SUPPLIED DATA:
————
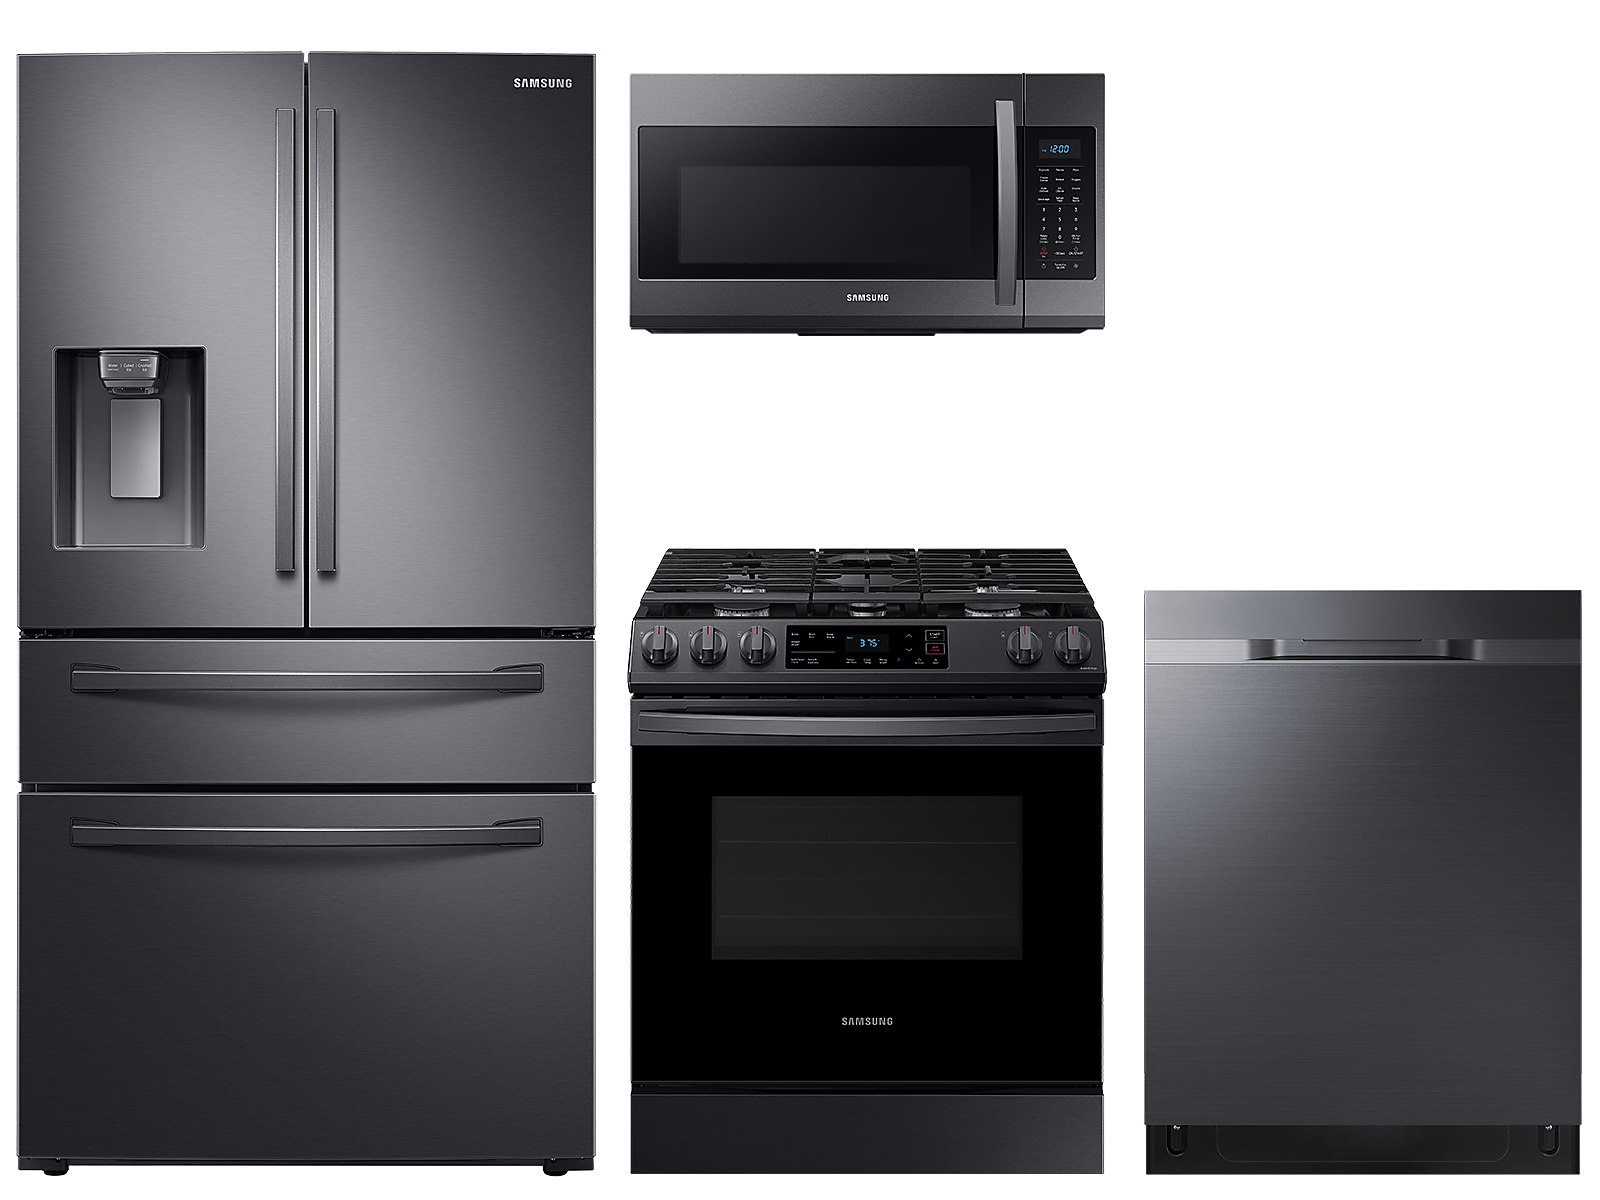 Samsung coupon: Samsung 23 cu. ft. counter depth 4-door refrigerator, gas range, microwave and 48 dBA dishwasher package(BNDL-1614028040810)
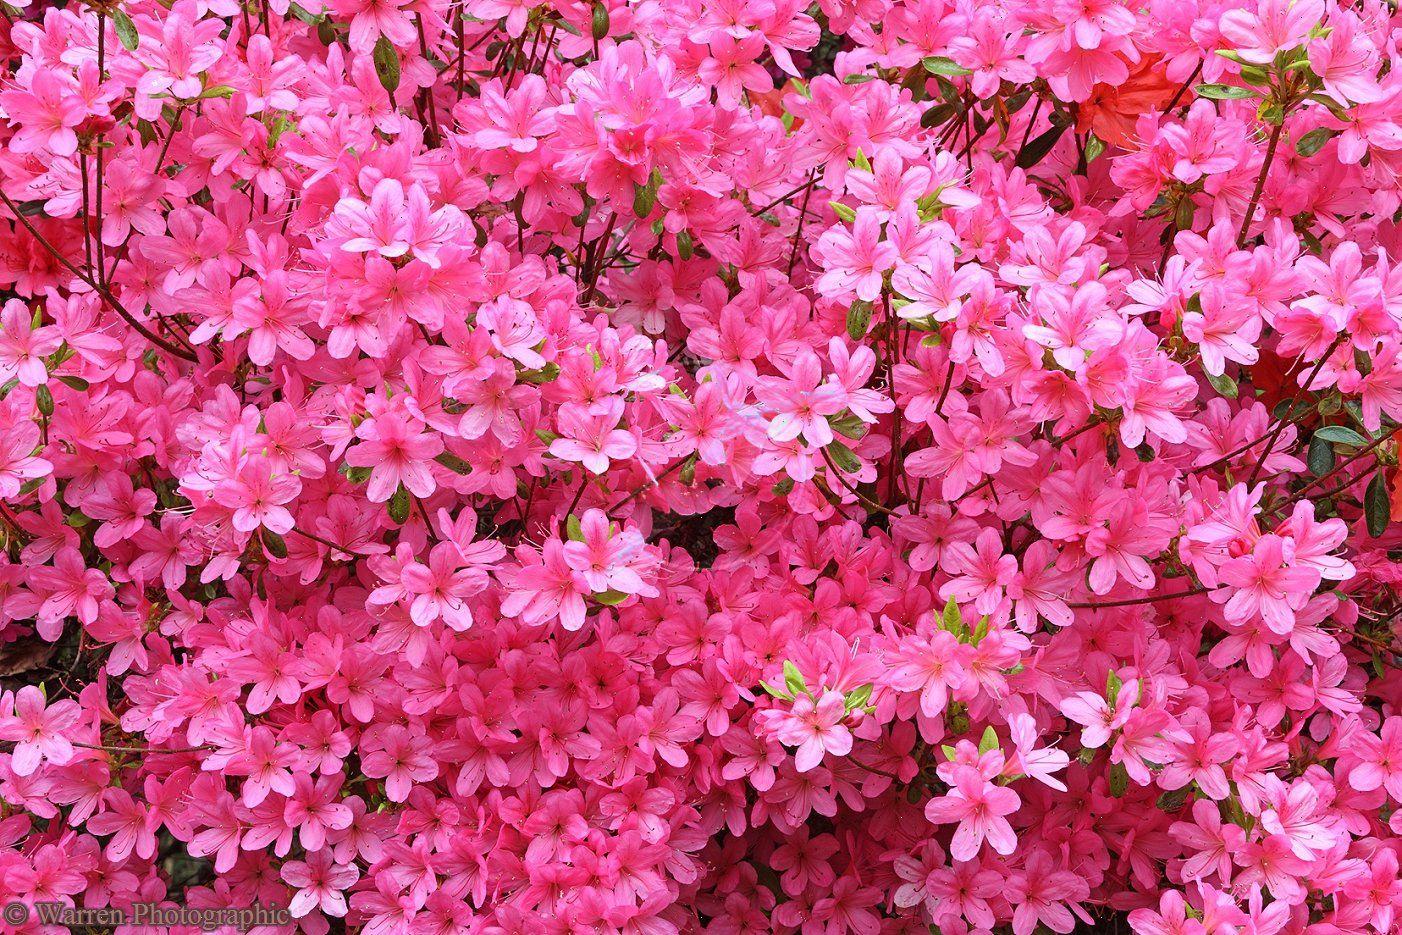 Pink Azalea Flower Pink Azaleas Flower Images
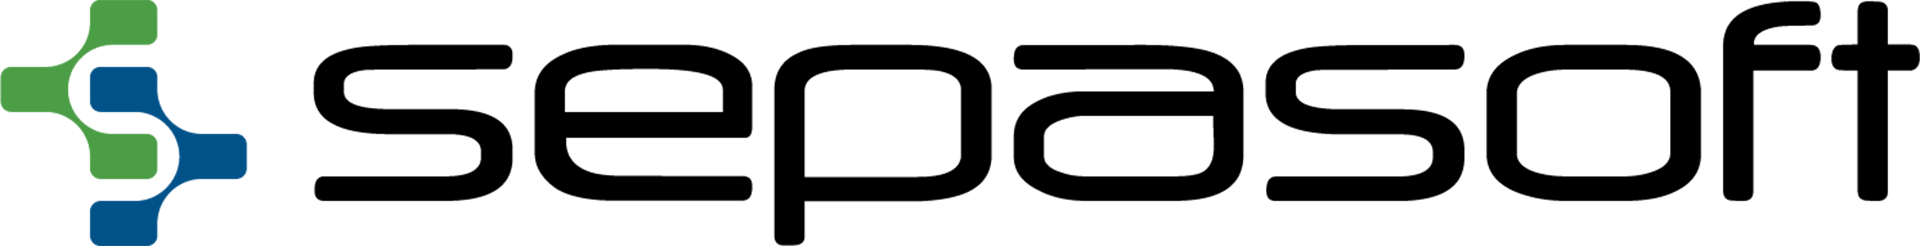 Sepasoft Logo
————
TASK TO COMPLETE: Repeat the material exactly, without images.

RESPONSE FOR THIS EXERCISE:
 Samsung coupon: Samsung 23 cu. ft. counter depth 4-door refrigerator, gas range, microwave and 48 dBA dishwasher package(BNDL-1614028040810)
 Pink Azalea Flower Pink Azaleas Flower Images
 Sepasoft Logo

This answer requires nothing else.